Reference standard and validation

We selected a random sample of 10 000 outpatient visits that could be linked with diagnosis records during a 4-month period of 1 January 2018 to 30 April 2018 in the database. The sample data in this study had a good representativeness of the entire database (online supplementry appendix 9). Prescription review was used as the reference standard for classification validation against which the sensitivity, specificity, positive predictive value (PPV) and negative predictive value (NPV) for classifying different tiers of diagnosis were calculated. Two researchers who were trained with the classification scheme and blinded to drug exposure status independently reviewed the raw prescription and classified the diagnoses into tier 1, tier 2, or tier 3 according to the LiSToD, with or without uncertainty. Conflicting results of the two researchers were further discussed with a third clinician and the final tier of the diagnosis was determined.

Statistical analysis

We calculated the sensitivity, specificity, PPV and NPV for each tier of diagnosis and the Clopper-Pearson Exact method was used for calculating the 95% CIs. For tier X diagnosis (X was 1, 2, 3, or 1A, 1B, 2A, 2B), the sensitivity was the proportion of true tier X diagnosis that was classified as tier X by the RE algorithm; the specificity was the proportion of true non-tier X that was classified as non-tier X by the RE algorithm; the PPV was the proportion of tier X classified by the RE algorithm that was true tier X diagnosis; the NPV was the proportion of non-tier X classified by the RE algorithm that was true non-tier X diagnosis. The information extraction, and mapping the diagnosis text to the LiSToD using REoD were performed by using Oracle 11gR2 and PL/SQL developer V.11.0 (Oracle Corp., Redwood Shores, California, USA). Statistical analyses were performed by using SAS V.9.4 (SAS Institute).

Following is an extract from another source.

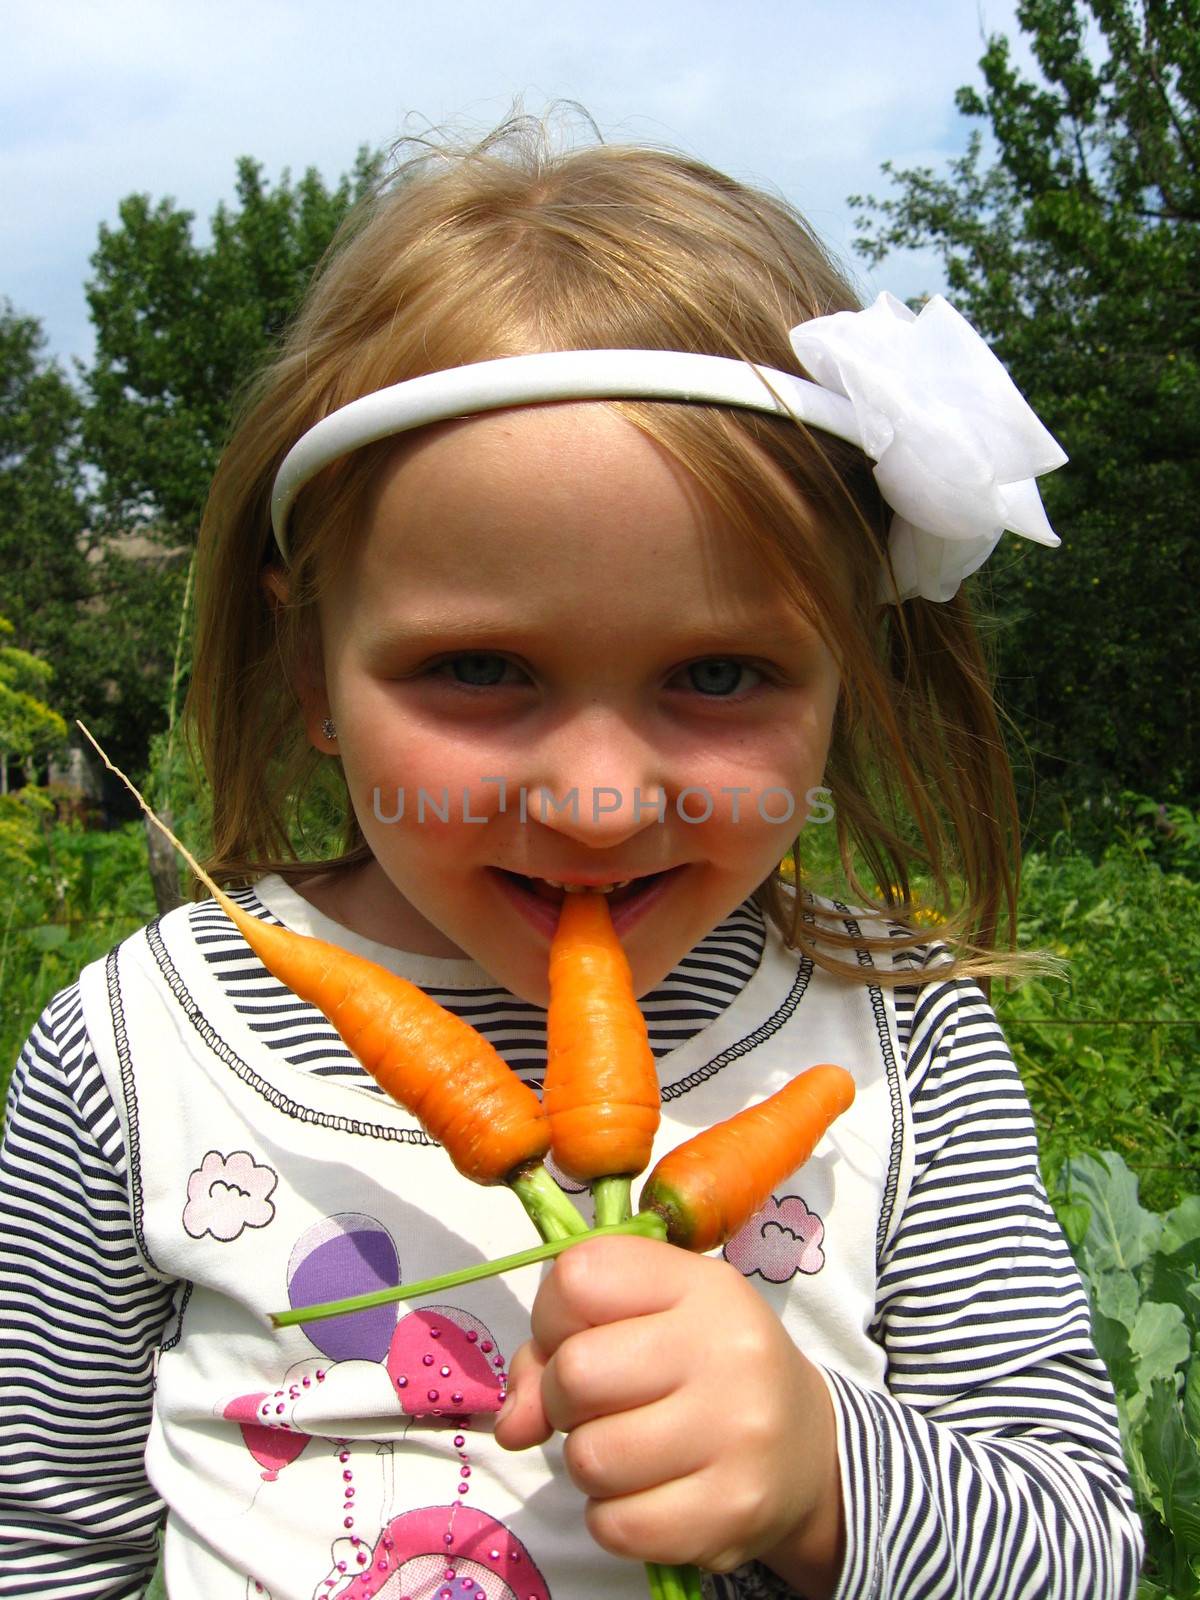 image of girl biting the ripe orange carrot

Patient and public involvement

Patients and the public were not involved in the design or conduct of the study.

Results

Out of the 10 000 outpatient visits, 91.1% occurred in outpatient clinics, and 92.9% visits occurred in tertiary-level hospitals. Further, 90.5% of the patients were adults and 51.0% were women. Most outpatient visits were from the Eastern and Western regions, which accounted for 54.8% and 30.2% of all the visits (table 1). One thousand and ninety-two visits (10.9%) ended with antibiotic prescription and 1417 individual antibiotics were prescribed. The most commonly used antibiotics in the dataset were cefdinir, azithromycin, levofloxacin, cefixime and moxifloxacin. Then, 9984 of the 10 000 visits could be linked to valid diagnoses, and the diagnoses of 16 visits were pure numbers or punctuation that did not contain useful information. Among the 10 000 visits, 66% had just one diagnosis, over 85% had less than 2 diagnoses, and only 2.2% had more than 5 diagnoses. Among all diagnosis records, the median of the length of diagnosis text was 6 (IQR 4–10) characters; 73.1% contained less than 10 characters.

Table 1

Basic characteristics of the sample outpatient visits*

Subgroups	No of prescriptions	Percentage (%)
Type of patients
Outpatient clinic	9105	91.1
Emergency department	895	9.0
Age group
0–5	430	4.3
6–17	480	4.8
18–44	4180	41.8
45–64	3129	31.3
≥65	1742	17.4
Unknown	39	0.4
Gender of patients
Female	5099	51.0
Male	4893	48.9
Unknown	8	0.1
Hospital level
Second	711	7.1
Third	9289	92.9
Region of China†
Eastern	5476	54.8
Central	542	5.4
Western	3021	30.2
North-eastern	961	9.6
Top five most used antibiotics
Cefdinir	127	9.0
Azithromycin	126	8.9
Levofloxacin	111	7.8
Cefixime	103	7.3
Moxifloxacin	79	5.6
No of diagnoses
Non-valid diagnosis‡	16	0.2
One diagnosis	6597	66.0
Two diagnoses	1921	19.2
Three diagnoses	753	7.5
Four diagnoses	330	3.3
Five diagnoses	163	1.6
>5 diagnoses	220	2.2
Length of diagnosis text§
Non-valid diagnosis	16	0.2
1–4 characters	3645	36.5
5–9 characters	3662	36.6
10–14 characters	1477	14.8
15–19 characters	574	5.7
≥20 characters	626	6.3

*For rounding reasons, the sum of the percentages of some subgroups may not be exactly equal to 100%.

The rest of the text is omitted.